Some and Lonesome

Mar 2 - May 10, 2009

Max Book’s new images are difficult to grasp. When consciousness attempts to take hold of his images, and determine their meaning, it is as if they slip through the fingers like sand. The onlooker quickly begins to understand that Book moves within a framework where the usual state of things is put out of order.

Ever since his debut in the late 1970s, Book has opposed one-dimensional readings of the pictures. His work from the 1980s was charged with contradictions. With his well-known ”gap” between visual notions and style classifications, Book was able to play contradictions against one another form of distortion has occurred. The motifs are recognisable on one level – people in nature – but seem unstable, as if, at any moment, they could collapse.

Book’s latest paintings stem from photographs, the majority of which are taken in the area surrounding Handen. In the images of thickets, meadows, and streams, we meet a Nordic nature that may call to mind both Anders Zorn and Bruno Liljefors. The darkness is deeper; however, the paintings occasionally erupt into ”blind colouristic beauty”, to use the artist’s own words. The motifs are like a cloth being wrought out towards its ends. The scenes are turned inside out as if the were viewed through a psychosis or LSD-trip. The psycadelica of the 1960s and 70s is clearly an underlying reference. The effect is reminiscent of techniques used by movie directors, such as Alfred Hitchcok, in order to provoke a sense of discomfort. With a so called dolly zoom – the camera is pulled away from the motif whilst zooming in – distorting the proportions of objects in the foreground and backround, which has an extremely distressing effect on human consciousness. In this manner, the usual order of things is displaced in Book’s new paintings. Nothing can be taken for granted. The wellknown has become estranged.

The manipulation of scale in order to break with a conformed vision is also something we find in romantic landscape painting. This break constitutes a starting point for Book, but perhaps not so much in his iconography as in his visual rhetoric, his way of extending the image in order to increase the drama, create lacunas between depicted objects and people, blind (or yellow) spots in the middle of the image that one’s consciousness must fill in.

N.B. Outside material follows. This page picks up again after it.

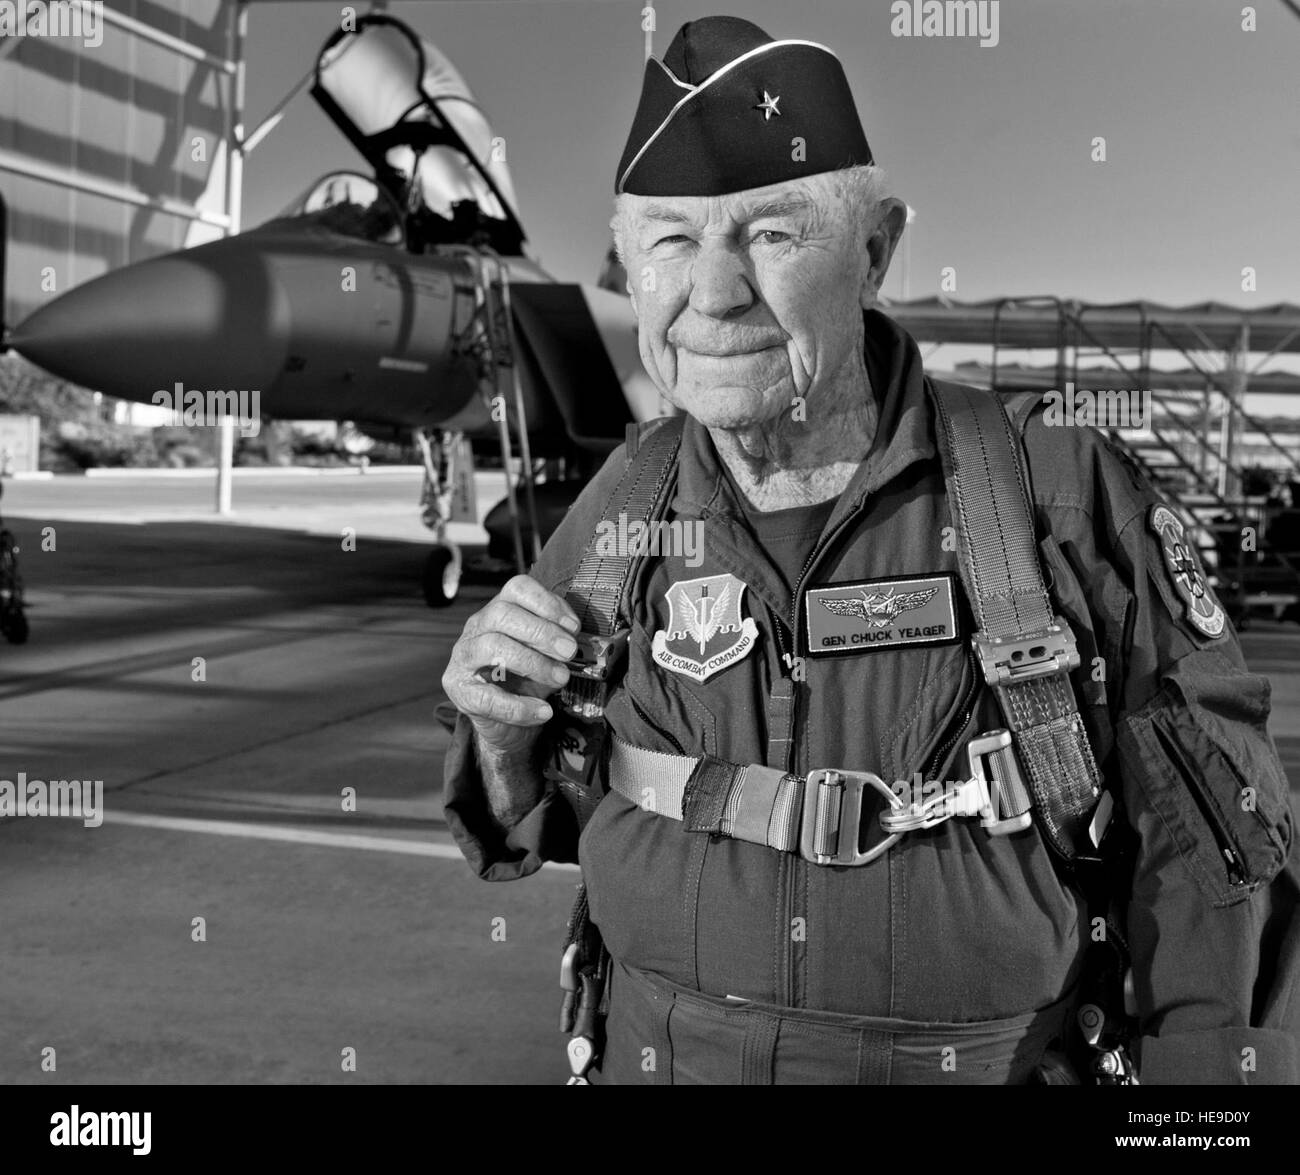 Retired United States Air Force Brig. Gen. Charles E. 'Chuck' Yeager prepares to board an F-15D Eagle from the 65th Aggressor Squadron, Oct. 14, 2012, at Nellis Air Force Base, Nev. In a jet piloted by Capt. David Vincent, 65th AGRS pilot, Yeager is commemorating the 65th anniversary of his historic breaking of the sound barrier flight, Oct. 14, 1947, in the Bell XS-1 rocket research plane named 'Glamorous Glennis.' Yeager was awarded the prestigious Collier Trophy in 1948 for this landmark aeronautical achievement. Stock Photo

The images appear to be imprints of a state of mind, an experience that nature has come too close while, at the same time paradoxically remaining distant. The world is seen through a medial filter. On the surfaces of the images, there are splashes of yellow, blue, or magenta, reminiscent of blots of printing colour. Some of the paintings portray a kind of McLuhan-ish media mass, where time is bent in and out. The world is curved inwards. Everything is rotating faster. ”There must be some way out of here, said the joker to the thief.”